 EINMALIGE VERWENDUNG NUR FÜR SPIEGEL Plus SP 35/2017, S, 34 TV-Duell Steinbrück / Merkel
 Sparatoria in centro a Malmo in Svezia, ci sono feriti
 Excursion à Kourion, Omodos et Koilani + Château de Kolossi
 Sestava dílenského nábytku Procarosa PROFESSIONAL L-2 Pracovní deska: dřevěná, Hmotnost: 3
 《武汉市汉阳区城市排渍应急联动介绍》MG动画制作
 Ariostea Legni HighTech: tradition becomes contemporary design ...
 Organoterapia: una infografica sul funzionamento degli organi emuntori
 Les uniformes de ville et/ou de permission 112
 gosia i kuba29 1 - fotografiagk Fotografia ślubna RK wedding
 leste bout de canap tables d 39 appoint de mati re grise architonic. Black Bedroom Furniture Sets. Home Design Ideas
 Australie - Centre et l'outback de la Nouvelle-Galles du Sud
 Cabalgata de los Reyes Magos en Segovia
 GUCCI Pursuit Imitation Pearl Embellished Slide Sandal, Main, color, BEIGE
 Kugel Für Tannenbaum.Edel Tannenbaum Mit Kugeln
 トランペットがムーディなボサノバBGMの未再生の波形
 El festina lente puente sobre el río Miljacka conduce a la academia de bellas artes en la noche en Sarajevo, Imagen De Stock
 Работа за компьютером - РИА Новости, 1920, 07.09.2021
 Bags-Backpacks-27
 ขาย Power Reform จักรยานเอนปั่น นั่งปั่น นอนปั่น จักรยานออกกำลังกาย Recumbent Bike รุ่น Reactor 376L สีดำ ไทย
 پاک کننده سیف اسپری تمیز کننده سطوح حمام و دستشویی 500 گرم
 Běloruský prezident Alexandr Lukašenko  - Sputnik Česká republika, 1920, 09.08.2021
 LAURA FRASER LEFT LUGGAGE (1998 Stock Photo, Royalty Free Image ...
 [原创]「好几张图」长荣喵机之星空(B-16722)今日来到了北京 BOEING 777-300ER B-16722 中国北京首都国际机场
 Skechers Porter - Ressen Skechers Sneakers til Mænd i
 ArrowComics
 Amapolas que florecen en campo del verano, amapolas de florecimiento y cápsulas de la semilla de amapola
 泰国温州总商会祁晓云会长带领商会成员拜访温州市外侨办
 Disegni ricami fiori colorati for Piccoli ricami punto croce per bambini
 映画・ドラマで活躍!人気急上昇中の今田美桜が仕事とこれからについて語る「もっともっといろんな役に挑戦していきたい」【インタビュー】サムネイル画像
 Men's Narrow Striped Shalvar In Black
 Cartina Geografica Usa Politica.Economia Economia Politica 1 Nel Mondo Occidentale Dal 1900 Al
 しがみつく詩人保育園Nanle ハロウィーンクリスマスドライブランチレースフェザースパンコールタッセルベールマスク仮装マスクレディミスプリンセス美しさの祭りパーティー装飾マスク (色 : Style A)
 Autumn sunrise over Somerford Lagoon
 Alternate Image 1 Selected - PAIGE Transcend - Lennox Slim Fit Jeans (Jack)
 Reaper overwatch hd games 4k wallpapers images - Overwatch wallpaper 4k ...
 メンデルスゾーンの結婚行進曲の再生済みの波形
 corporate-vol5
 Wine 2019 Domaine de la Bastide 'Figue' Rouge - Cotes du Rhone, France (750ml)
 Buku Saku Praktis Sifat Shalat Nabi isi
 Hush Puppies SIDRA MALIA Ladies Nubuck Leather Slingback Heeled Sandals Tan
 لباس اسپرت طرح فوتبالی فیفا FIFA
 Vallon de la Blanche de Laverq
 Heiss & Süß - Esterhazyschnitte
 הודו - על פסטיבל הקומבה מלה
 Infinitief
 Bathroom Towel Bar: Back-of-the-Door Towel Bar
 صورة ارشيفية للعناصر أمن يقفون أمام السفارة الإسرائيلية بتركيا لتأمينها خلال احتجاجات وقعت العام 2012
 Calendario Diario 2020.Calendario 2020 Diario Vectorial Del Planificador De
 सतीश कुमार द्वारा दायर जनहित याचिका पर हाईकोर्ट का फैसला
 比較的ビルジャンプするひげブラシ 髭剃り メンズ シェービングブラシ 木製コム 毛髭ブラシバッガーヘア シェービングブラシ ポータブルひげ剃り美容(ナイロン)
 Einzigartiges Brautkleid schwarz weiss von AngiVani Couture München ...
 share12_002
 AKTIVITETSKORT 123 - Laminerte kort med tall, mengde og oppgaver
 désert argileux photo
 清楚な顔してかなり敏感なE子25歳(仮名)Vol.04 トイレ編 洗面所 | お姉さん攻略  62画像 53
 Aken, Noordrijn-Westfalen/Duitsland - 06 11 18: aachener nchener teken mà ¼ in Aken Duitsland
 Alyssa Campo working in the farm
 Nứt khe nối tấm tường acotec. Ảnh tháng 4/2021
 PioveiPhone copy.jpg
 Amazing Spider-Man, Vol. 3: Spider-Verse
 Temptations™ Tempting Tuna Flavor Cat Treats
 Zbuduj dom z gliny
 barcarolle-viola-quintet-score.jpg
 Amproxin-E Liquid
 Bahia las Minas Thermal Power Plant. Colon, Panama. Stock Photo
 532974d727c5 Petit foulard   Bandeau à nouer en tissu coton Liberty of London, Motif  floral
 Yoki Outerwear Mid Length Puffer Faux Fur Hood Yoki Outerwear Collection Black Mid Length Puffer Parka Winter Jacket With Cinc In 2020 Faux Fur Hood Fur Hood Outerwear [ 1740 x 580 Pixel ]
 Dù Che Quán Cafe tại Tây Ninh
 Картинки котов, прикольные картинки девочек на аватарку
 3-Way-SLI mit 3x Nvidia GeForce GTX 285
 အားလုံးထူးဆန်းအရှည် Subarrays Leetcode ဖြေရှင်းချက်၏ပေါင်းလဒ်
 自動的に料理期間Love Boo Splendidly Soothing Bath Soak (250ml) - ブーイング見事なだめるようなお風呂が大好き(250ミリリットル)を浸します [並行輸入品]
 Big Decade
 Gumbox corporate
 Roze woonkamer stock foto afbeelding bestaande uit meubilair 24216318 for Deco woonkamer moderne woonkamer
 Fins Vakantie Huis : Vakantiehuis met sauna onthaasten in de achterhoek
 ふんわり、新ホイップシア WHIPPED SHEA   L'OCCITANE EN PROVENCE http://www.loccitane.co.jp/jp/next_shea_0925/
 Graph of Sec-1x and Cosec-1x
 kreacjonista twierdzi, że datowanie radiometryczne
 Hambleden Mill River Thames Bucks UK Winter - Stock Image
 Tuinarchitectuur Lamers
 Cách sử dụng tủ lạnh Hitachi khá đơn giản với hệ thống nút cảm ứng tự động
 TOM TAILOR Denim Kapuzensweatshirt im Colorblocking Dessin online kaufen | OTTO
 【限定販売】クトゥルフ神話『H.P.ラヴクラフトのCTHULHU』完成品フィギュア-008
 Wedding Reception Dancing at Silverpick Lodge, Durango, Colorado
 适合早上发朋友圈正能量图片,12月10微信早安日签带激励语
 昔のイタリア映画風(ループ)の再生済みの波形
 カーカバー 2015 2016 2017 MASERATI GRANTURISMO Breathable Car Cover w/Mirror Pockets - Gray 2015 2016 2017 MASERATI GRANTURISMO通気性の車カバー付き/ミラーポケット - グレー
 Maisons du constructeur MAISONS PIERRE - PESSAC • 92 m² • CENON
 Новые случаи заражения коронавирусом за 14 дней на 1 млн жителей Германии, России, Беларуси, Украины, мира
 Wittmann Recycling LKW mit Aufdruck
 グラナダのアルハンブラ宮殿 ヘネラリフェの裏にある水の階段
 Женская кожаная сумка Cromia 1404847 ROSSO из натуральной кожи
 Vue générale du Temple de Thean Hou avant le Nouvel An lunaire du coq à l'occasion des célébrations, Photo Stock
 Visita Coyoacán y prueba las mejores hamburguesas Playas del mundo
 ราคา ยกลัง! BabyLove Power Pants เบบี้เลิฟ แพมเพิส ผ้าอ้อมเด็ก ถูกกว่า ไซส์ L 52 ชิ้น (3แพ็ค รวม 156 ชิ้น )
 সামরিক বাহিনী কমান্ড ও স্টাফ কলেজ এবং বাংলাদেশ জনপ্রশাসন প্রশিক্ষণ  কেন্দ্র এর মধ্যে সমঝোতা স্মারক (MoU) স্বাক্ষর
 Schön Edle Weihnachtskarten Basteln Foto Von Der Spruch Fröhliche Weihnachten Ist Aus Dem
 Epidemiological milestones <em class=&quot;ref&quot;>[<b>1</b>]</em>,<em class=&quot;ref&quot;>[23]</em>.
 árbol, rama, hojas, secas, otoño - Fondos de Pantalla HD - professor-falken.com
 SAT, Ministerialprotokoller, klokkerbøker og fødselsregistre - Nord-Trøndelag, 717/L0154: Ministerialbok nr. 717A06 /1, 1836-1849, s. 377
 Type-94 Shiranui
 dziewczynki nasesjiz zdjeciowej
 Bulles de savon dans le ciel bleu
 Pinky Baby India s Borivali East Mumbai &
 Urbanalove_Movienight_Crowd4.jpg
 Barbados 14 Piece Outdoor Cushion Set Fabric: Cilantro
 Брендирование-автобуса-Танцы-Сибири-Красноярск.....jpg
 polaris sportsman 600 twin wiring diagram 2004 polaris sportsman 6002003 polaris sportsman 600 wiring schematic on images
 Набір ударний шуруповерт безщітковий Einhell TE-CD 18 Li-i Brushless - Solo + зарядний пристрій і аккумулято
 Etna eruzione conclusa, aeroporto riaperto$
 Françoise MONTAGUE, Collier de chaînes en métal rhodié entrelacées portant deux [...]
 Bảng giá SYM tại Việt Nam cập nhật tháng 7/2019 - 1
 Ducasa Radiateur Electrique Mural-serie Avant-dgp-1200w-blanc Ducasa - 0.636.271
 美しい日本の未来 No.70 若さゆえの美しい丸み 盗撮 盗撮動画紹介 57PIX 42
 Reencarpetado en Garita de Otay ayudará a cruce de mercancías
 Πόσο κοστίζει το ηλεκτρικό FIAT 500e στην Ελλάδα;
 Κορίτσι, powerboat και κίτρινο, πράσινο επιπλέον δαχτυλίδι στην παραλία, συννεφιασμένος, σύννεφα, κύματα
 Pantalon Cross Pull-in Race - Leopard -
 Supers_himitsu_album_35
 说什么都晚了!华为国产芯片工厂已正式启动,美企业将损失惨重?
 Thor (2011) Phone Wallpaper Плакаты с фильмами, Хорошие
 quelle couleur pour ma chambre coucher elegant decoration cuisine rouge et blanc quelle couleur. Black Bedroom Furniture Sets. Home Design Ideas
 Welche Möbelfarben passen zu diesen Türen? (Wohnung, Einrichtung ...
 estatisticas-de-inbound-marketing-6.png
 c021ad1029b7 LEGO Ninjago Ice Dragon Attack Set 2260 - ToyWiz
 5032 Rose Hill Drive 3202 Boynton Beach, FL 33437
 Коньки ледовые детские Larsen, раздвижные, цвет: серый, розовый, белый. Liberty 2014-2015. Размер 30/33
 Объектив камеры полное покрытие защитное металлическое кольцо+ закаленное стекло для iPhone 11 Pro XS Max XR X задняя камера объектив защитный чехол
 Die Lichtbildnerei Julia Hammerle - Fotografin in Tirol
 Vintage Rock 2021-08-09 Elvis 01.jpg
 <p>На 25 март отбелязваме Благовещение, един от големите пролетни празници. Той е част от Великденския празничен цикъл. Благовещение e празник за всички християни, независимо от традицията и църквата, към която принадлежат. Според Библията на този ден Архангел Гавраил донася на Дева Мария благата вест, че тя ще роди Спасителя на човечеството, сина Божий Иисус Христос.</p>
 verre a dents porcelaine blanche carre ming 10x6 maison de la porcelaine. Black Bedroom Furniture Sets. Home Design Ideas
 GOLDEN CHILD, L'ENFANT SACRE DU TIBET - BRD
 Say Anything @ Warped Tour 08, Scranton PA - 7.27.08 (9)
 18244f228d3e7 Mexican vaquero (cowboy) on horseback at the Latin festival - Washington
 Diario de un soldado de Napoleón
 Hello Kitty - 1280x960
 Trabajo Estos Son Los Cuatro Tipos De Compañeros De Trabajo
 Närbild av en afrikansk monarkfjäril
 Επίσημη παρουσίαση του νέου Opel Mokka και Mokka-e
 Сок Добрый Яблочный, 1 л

..........

List the lines of the material in which the word "Furniture" occurs.

[Solution for this exercise]
 leste bout de canap tables d 39 appoint de mati re grise architonic. Black Bedroom Furniture Sets. Home Design Ideas
 quelle couleur pour ma chambre coucher elegant decoration cuisine rouge et blanc quelle couleur. Black Bedroom Furniture Sets. Home Design Ideas
 verre a dents porcelaine blanche carre ming 10x6 maison de la porcelaine. Black Bedroom Furniture Sets. Home Design Ideas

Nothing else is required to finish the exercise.